Ces petits riens

Éti­enne VERHASSELT, Après l’éternité. Post­com­bus­tion, Le Tripode, 2022, 160 p., 18 €, ISBN : 9782370553232

verhasselt après l'éternitéLe moi d’après, le monde d’après, la vie d’après, dans ce troisième recueil de textes d’Éti­enne Ver­has­selt (avançons « textes » plutôt que « nou­velles », car, cette fois encore, l’écrivain se donne toutes les lib­ertés de forme – du poème de cinq vers à la nar­ra­tion de cinq pages, grand max­i­mum), tout sem­ble bas­culer dans l’après – même l’éternité, si on en croit le titre. Et cela com­mence dès la pre­mière nou­velle, et cela dur­era jusqu’à la dernière (« Vêpres »), où des nuages envahissent le paysage, l’imitent et le rem­pla­cent. Le calme serait enfin atteint. Alors qu’avant, jamais la sérénité n’était trou­vée – tout n’était que trou­ble et abîme. On espérait le rien, on ne l’atteignait pas. Ni la paix. Car, para­doxale­ment, tou­jours les mots qui dis­ent et écrivent empêchent de n’exister pas. Écrire rien, c’est écrire encore. Écrire est mélan­col­ique. C’est con­stru­ire « une chapelle ruinée où ador­er la sou­veraine chute ».

Donc. Dès la pre­mière nou­velle d’Après l’éternité, tout est là. La com­bus­tion (le sous-titre du recueil écrit en tout petit est Post­com­bus­tion) comme méth­ode, comme modus operan­di est mise en place – et l’humour ravageur et poé­tique itou. Nous y est présen­té un pein­tre, une ver­sion plus extrême de Mark Rothko, Mirko Ruthku, dont « nous ne savons presque rien » et dont il ne reste de l’œuvre qu’un « lam­beau mono­chrome kaki d’environ dix-sept cen­timètres car­rés » et des mil­liers de cadres vides. Car il détru­i­sait tout ce qu’il peignait (avec pinces chirur­gi­cales, ura­ni­um, nun­chakus, sci­es en tout genre…) et con­ser­vait les cadres, qui réu­nis, étaient « une nécro­p­ole qui dis­ait la mort de l’Art ». Si vous avez un cadre dépouil­lé chez vous, peut-être que…

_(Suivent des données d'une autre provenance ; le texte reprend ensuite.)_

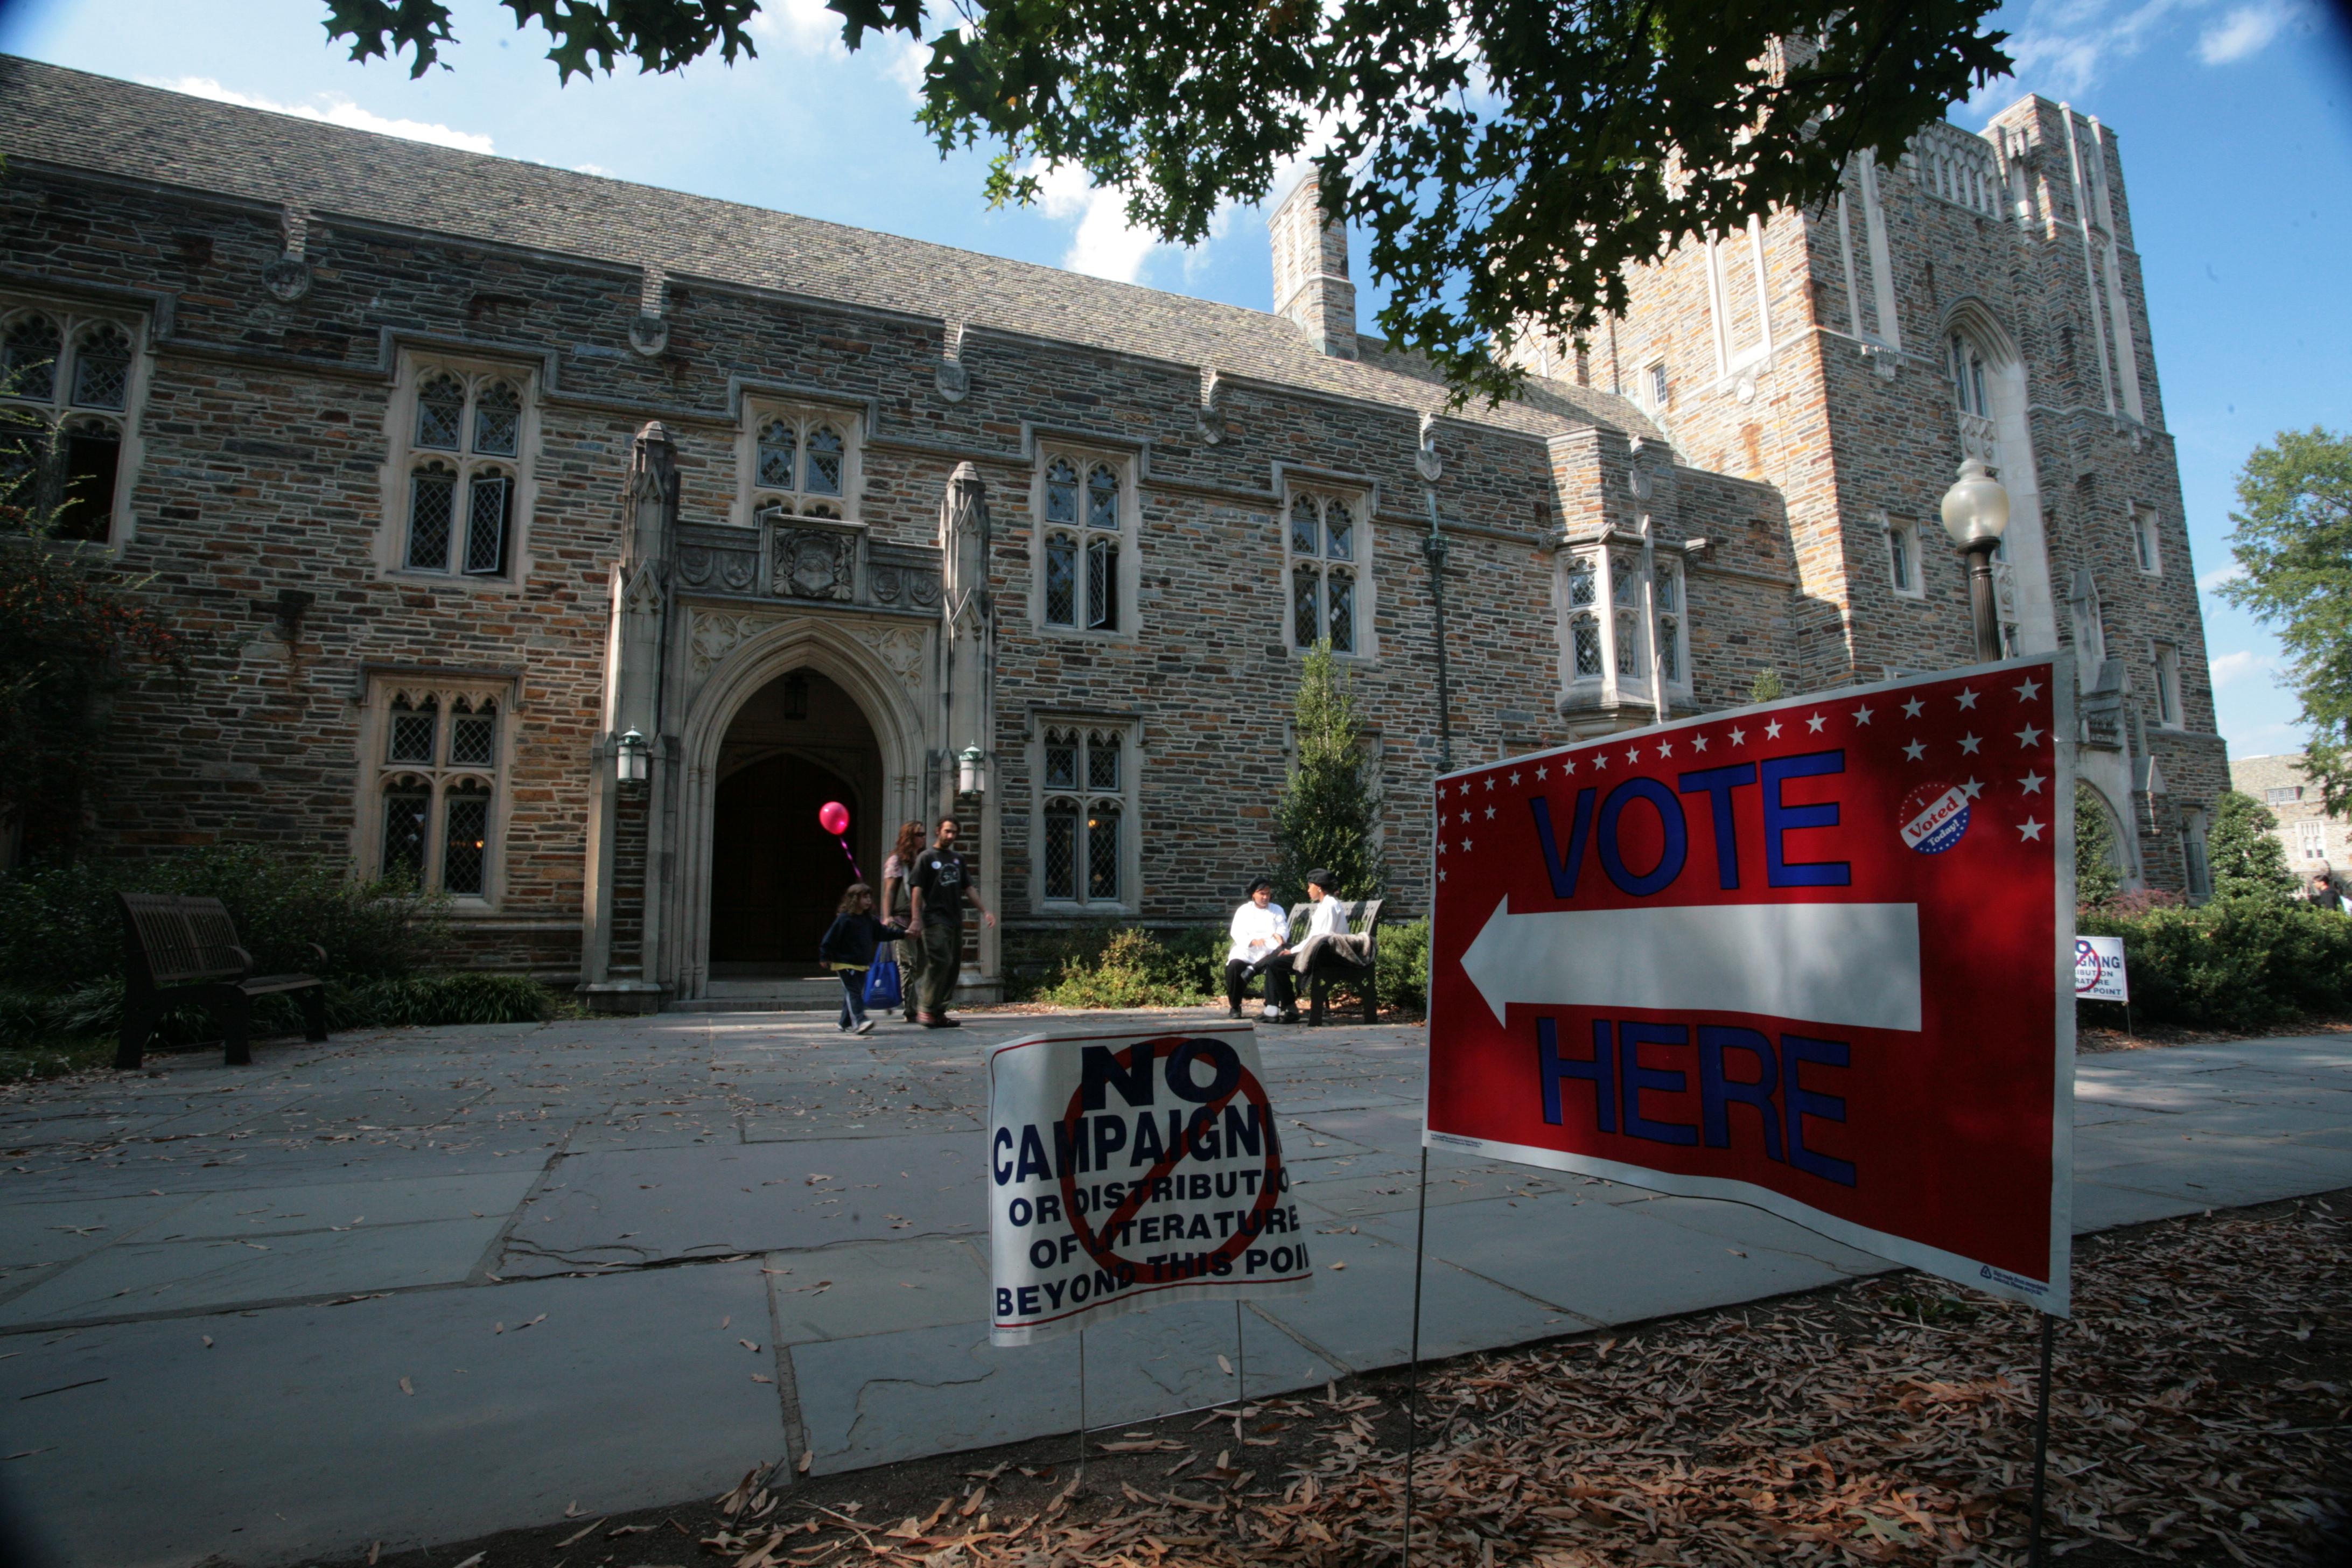 Polling station at Duke University, Durham, NC

Après ce texte, dans ceux qui suiv­ent, l’imagination débridée de l’écrivain con­tin­ue son jeu de mas­sacre nour­ri des peurs et des ques­tions de notre époque et de tou­jours : la guerre, l’écologie, le sex­isme, l’amour, l’individualisme (le temps est devenu un attrib­ut per­son­nel), la soli­tude (un vieil homme appelle tous les soirs un chat qu’il n’a pas, espérant qu’il existe quelque part, ce com­pagnon félin). La con­di­tion humaine (l’âme, le corps, la mort, le temps), et divine. Et bien enten­du : le lan­gage. Ain­si un hémi­plégique con­géni­tal qui don­na la moitié de son corps à la sci­ence et devenu écrivain a pub­lié : Rac­cour­cis et aus­si Les bras m’entombent. Il n’y a pas que les jeux de mots, la ponc­tu­a­tion et le rythme des phras­es de cer­tains textes sont atteints de mélan­col­ie-même. Nous n’allons pas vous gâch­er le plaisir de la décou­verte en spo­liant les textes et leur chute. Nous ne résis­tons pour­tant pas de vous en révéler (recopi­er) un court, dans l’espoir que vous l’oubliiez et qu’il vous donne l’envie d’engouffrer tout le recueil, et les deux pre­miers avec (Les pas per­dus, L’éternité, brève, parus égale­ment au Tripode) :

Après la « Journée sans voiture », on eut l’idée d’une « Journée sans per­son­ne ». Ce jour-là, il sor­tit de chez lui : l’occasion qui sait, d’être enfin quelqu’un.